2 Prostate pathologies covered in this lecture: BPH and Prostate adenocarcinoma
• Malignant epithelial prostate tumour
• MOST COMMON malignant tumour in MEN (25% of all male cancers)
• Arises from prostatic intraepithelial neoplasia
• Identified mutations include PTEN, AMACR, GST-pi and p27
• Usually asymptomatic
• Diagnosed by biopsy following DRE or raised PSA
• May have lower urinary tract symptoms (less likely than in BPH because the tumours tend to lie in the periphery of the gland)
• Rarely may present with metastatic disease (e.g. pathological fracture)
• Gleason score is the most powerful prognostic indicator
What are the types of testicular tumour?
Non-Germ cell (less common)
- Lymphoma (malignant)
- Sertoli Cell Tumour (usually benign)
- Leydig Cell Tumours (usually benign( (may present as pre-pubertal)

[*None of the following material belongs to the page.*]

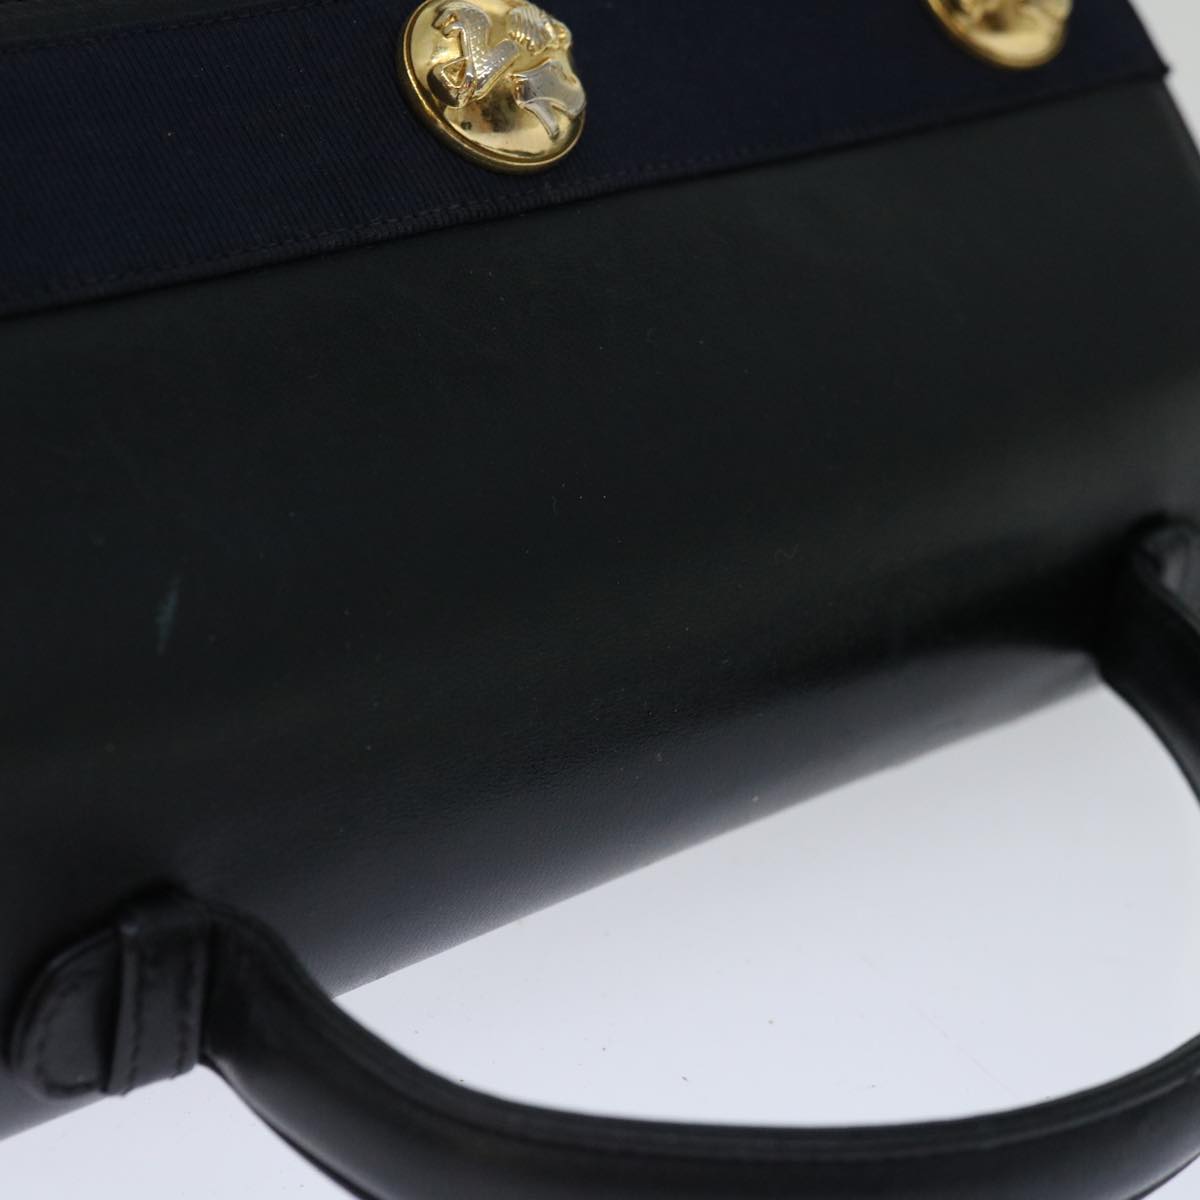 Salvatore Ferragamo Hand Bag Leather Black Auth hk1172

Germ Cell (90%) Tumours of the testis arising from germ cells (cells that give rise to gametes). Typically arise in men 20-45 years
Risk Factors: Undescended testes & LBW
Present as painless testicular lumps. 10% will cause symptoms of metastases: Back pain (due to spread to para-aortic nodes) & Cough/ Dyspnoea
5 Histological types.
Treatment: Testicular germ cell tumours are highly sensitive to platinum-based chemotherapy regimes
EXCELLENT prognosis - 98% 5-year survival
5 subtypes of testicular GC tumour
- Seminoma (clear cells with quite a prominent lymphocytic infiltrate) (MOST COMMON)
- Yolk Sac (Smaller cells, Lace-like pattern, there are some pink inclusions)
- Embryonal carcinoma (very high grade, prominent nucleoli)
- Post-pubertal teratoma (this tumour is trying to produce a variety of tissues (e.g. keratin, cartilage, glands) it is malignant- unlike ovarian teratoma). Each counterpart can also become malignant in its own right - malignancy squared
- Choriocarcinoma
Made up of 2 cells: Cytotrophoblasts (clear looking cells)
and Syncytiotrophoblasts (multinucleated cells)
NB both components are needed to call it a choriocarcinoma. (Worsens prognosis)
Paratesticular disease
Epididymal cyst
Epididymitis - Men < 35: related to C. trachomatis or N. gonorrhoeae. Men > 35: related to E. coli
Varicocoele - Dilated venous plexus
Hydrocoele - Fluid accumulating between the layers of the tunica vaginalis
Adenomatoid tumour - Small tubules lined by mesothelial cells
Penile Diseases
Lichen sclerosis/balanitis xerotica obliterans - Inflammatory condition that causes phimosis
Zoon’s balanitis- Inflammatory condition that causes red areas
Condylomas- HPV 6 and 11
Peyronie’s disease– Scarring, inflammation and thickening of corpus cavernosa
Penile carcinoma
•Rare, seen in elderly men
•Smoking, HPV and chronic lichen sclerosus are risk factors
Urethral Diseases
o Urethritis - Neisseria gonorrhoeae, Chlamydia trachomatis
o Prostatic urethral polyp- Papillary lesion in prostatic urethra
o Urethral caruncle - Common lesion at urethral meatus in women
o Urethral carcinoma - RARE, Usually squamous cell carcinoma, More common in women
o Malignant melanoma
Scrotal Diseases
o Epidermoid cyst
• COMMON
o Scrotal calcinosis
• RARE
• May be related to epidermoid cysts
o Angiokeratomas
• Benign vascular lesions
o Fournier’s Gangrene
• Necrotising fasciitis (15-20% mortality)
o Scrotal squamous cell carcinoma
• VERY RARE
• Used to happen to chimney sweeps
Oesophagus histology/microanatomy
Pale, Squamous epithelium which ends at the border of the Z junction (becomes columnar).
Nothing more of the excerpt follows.